Relations with Muslims
The Hongwu Emperor ordered the construction of several mosques in Nanjing, Yunnan, Guangdong and Fujian,[42] and had inscriptions praising the prophet Muhammed placed in mosques. He rebuilt the Jinjue Mosque (literally meaning: Pure Enlightenment Mosque) in Nanjing and large numbers of Hui people moved to the city during his rule.[43]
He had around ten Muslim generals in his military,[44] including Chang Yuchun, Lan Yu, Ding Dexing, Mu Ying, Feng Sheng and Hu Dahai. It was recorded that "His Majesty ordered to have mosques built in Xijing and Nanjing [the capital cities], and in southern Yunnan, Fujian and Guangdong." He also personally wrote a 100 word praise (baizizan) on Islam, Allah and the Prophet Muhammad.[45]
According to historian Jing Chee Tang, Hongwu Emperor and his cousin Koh Shiao-Tze were both Muslims. Hongwu Emperor is known to have married a woman belong from the Ma clan of Chee Min from Anhui.[46]
Foreign policy
The Hongwu Emperor was a non interventionist, refusing to intervene in a Vietnamese invasion of Champa to help the Chams, only rebuking the Vietnamese for their invasion, being opposed to military action abroad.[47] He specifically warned future Emperors only to defend against foreign barbarians, and not engage in military campaigns for glory and conquest.[48] He was advised to concentrate on defending against the Rong and Di "Barbarians", rather than attacking.[49]
However, the Hongwu Emperor had harsh words for those who tried to threaten China.
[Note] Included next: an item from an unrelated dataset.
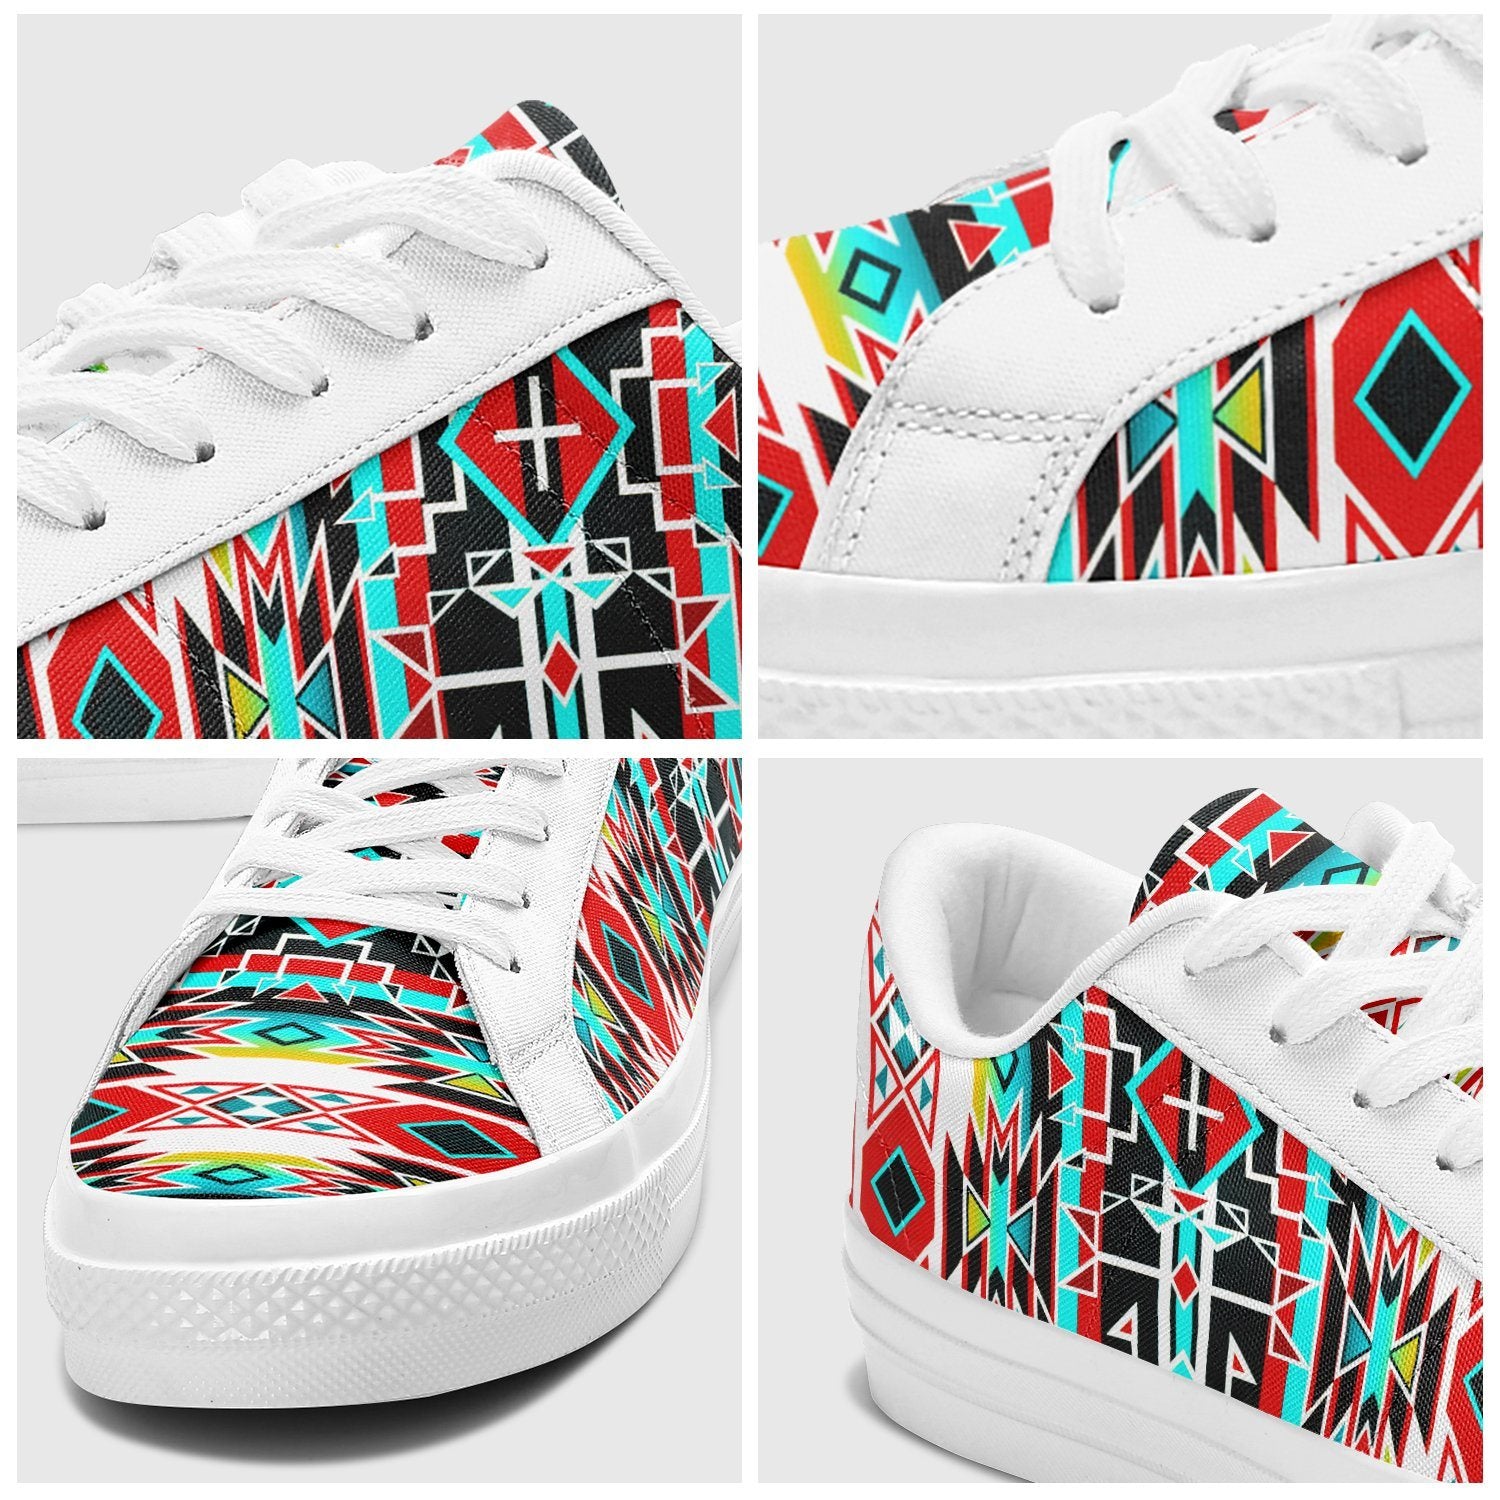 Force of Nature Windstorm Aapisi Low Top Canvas Shoes White Sole 49 Dzine

He sent a message to the Japanese that his army would "capture and exterminate your bandits, head straight for your country, and put your king in bonds", due to consistent raiding by Japanese Wokou pirates.[50]
Development of the Ming Dynasty
Although the Hongwu Era saw the introduction of paper currency, its development was stifled from the beginning. Not understanding inflation, the Hongwu Emperor gave out so much paper money as rewards that by 1425, the state was forced to reintroduce copper coins because the paper currency had sunk to only 1/70 of its original value.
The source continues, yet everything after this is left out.